Read [references/sentiment-and-output.md](references/sentiment-and-output.md) for:
- The **normalized mention record** schema (use it as the row shape for both analysis and the dataset output).
- The **sentiment method + guardrails** (classify from text as written; sarcasm/ambiguous → `mixed`; always report counts *and* percentages with the denominator).
- **Theme clustering** — where the actionable insight lives.
- **Output templates** — A (digest report), B (structured dataset), C (both).

## Output Quality Standards

1. **Every mention has a source URL** — no unattributed claims.

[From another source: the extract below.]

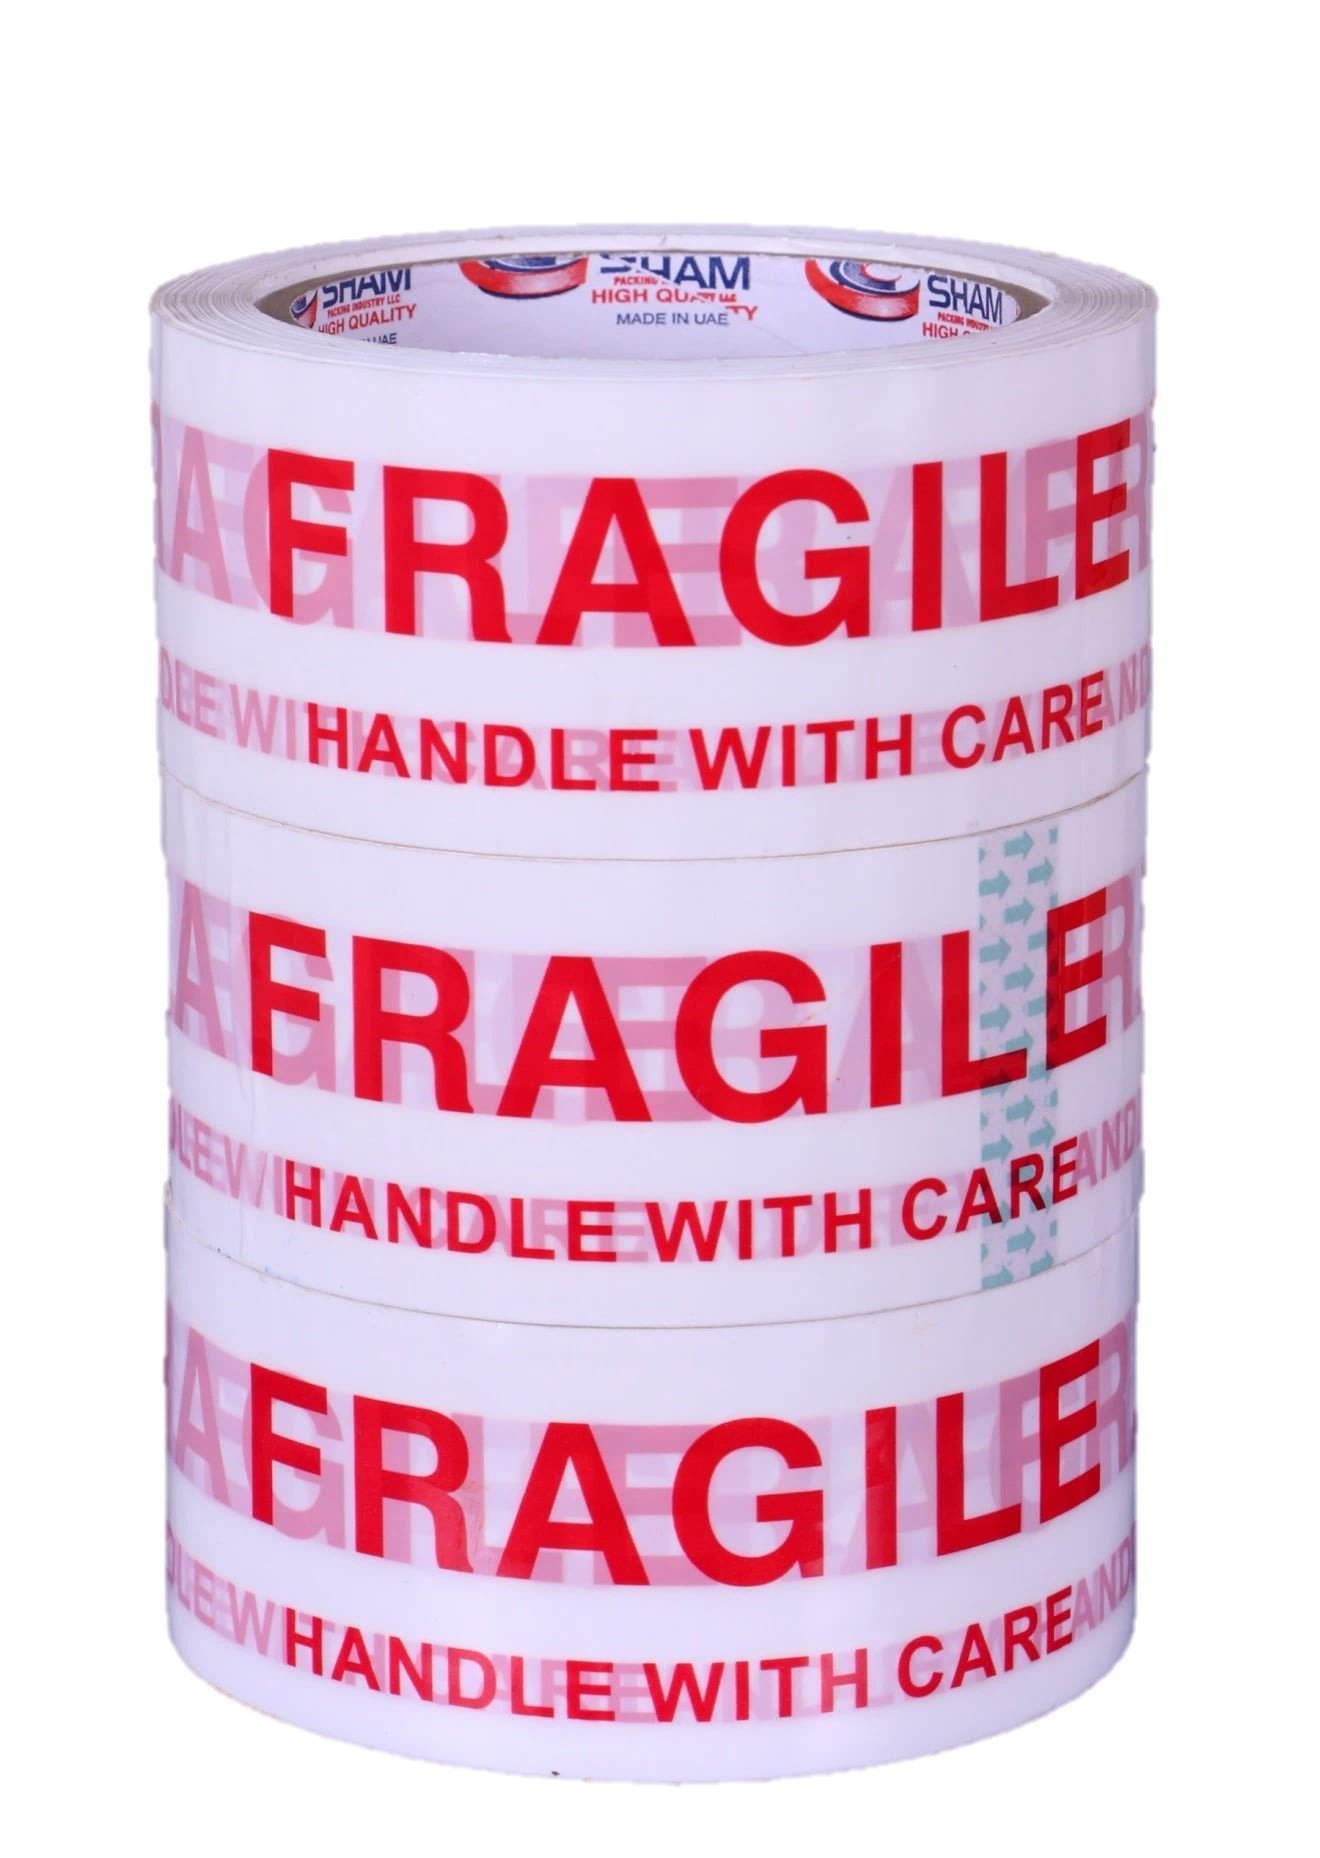 Fragile Adhesive tape 2 inches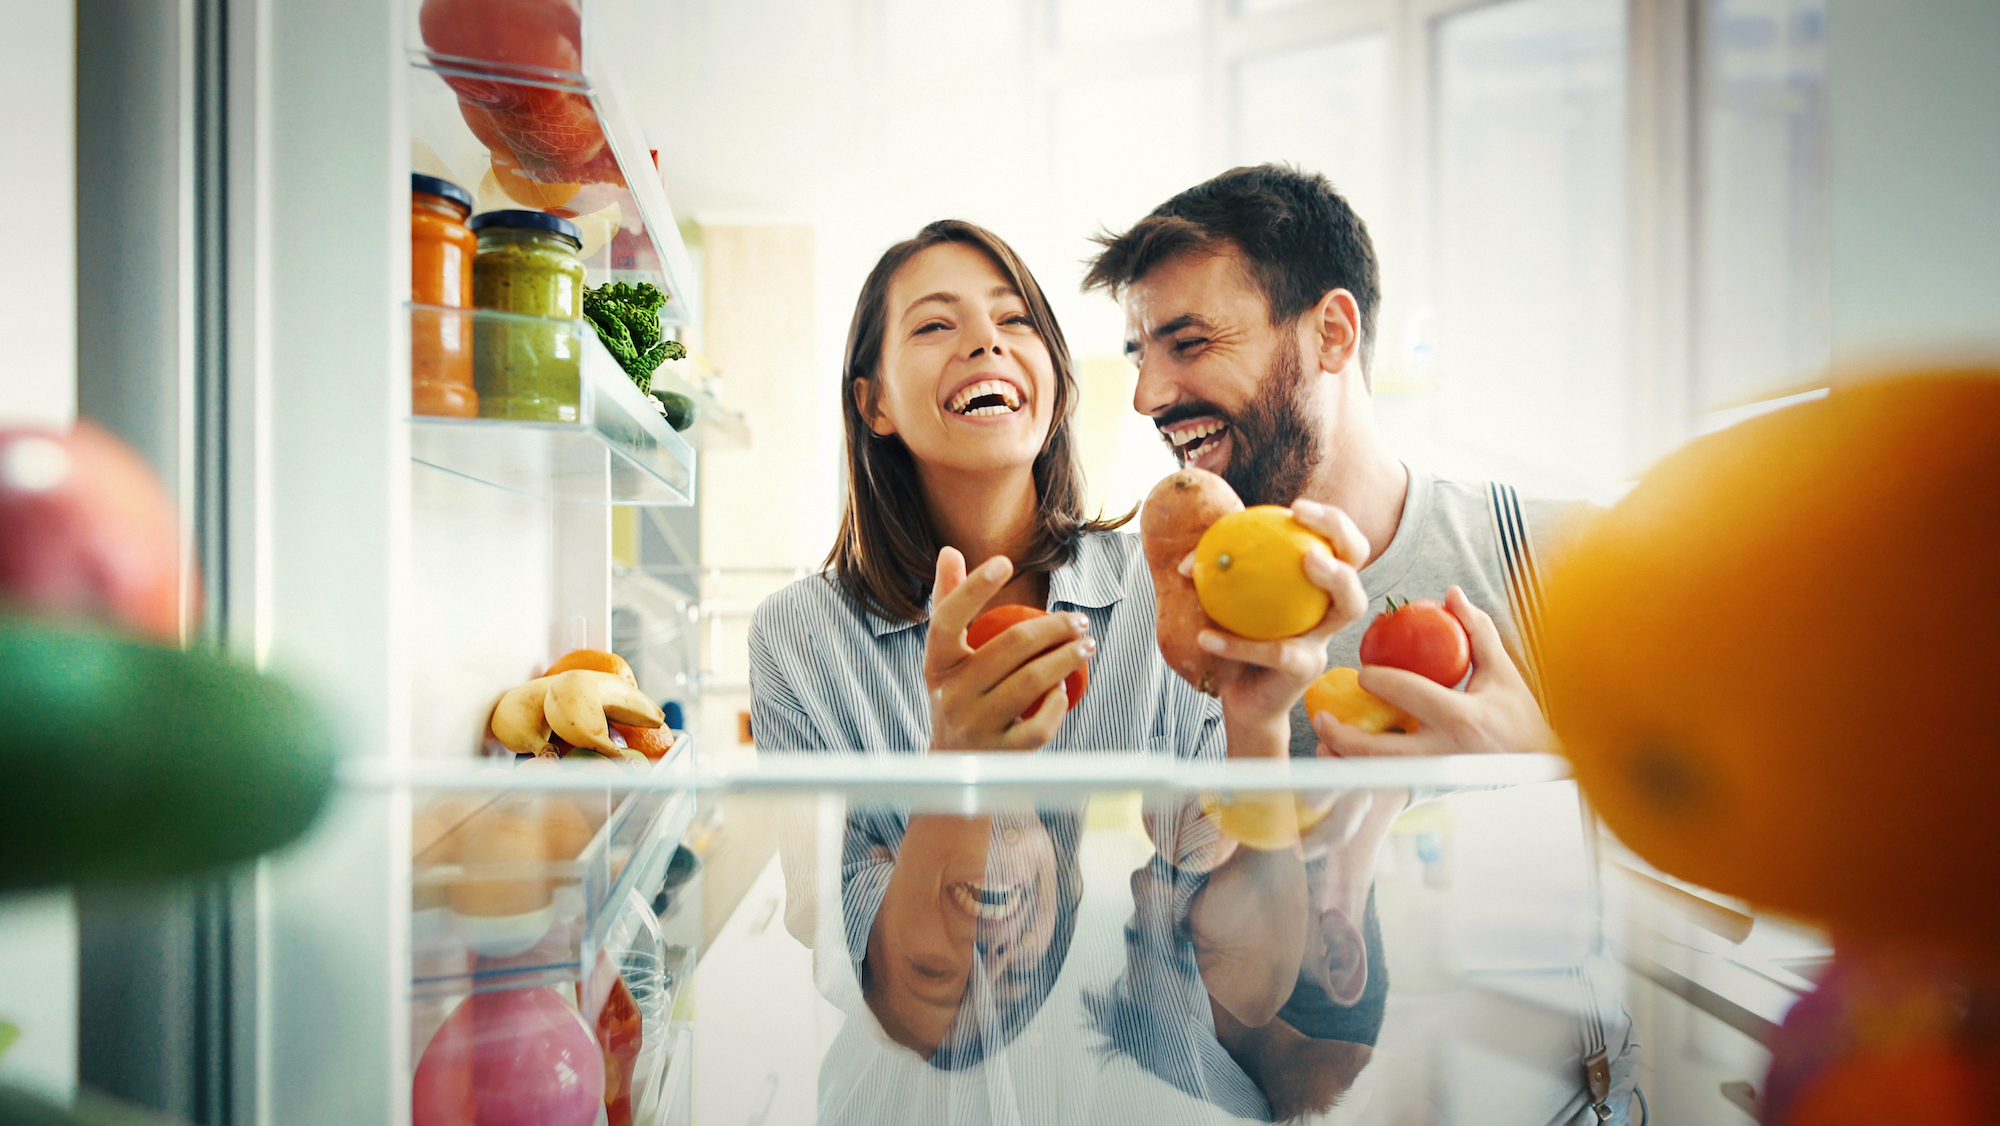 Man and woman laughing while picking fruits and veggies from the fridge, enjoying their air purification system

2. **Facts separate from interpretation** — the quote is the fact; your sentiment label is interpretation. Keep them distinct.
3. **Percentages always carry N** — "61% positive of 142 classified mentions", never a bare percentage.
4. **Be honest about gaps** — list platforms that returned nothing this window. Note small samples that can't generalize.
5. **Date-stamp everything** — "Data collected on <date> · window: last <N> days".
6. **End with "So what"** — every report closes with 2–4 actionable recommendations, each grounded in a theme from the data. Raw mentions without interpretation are not a deliverable.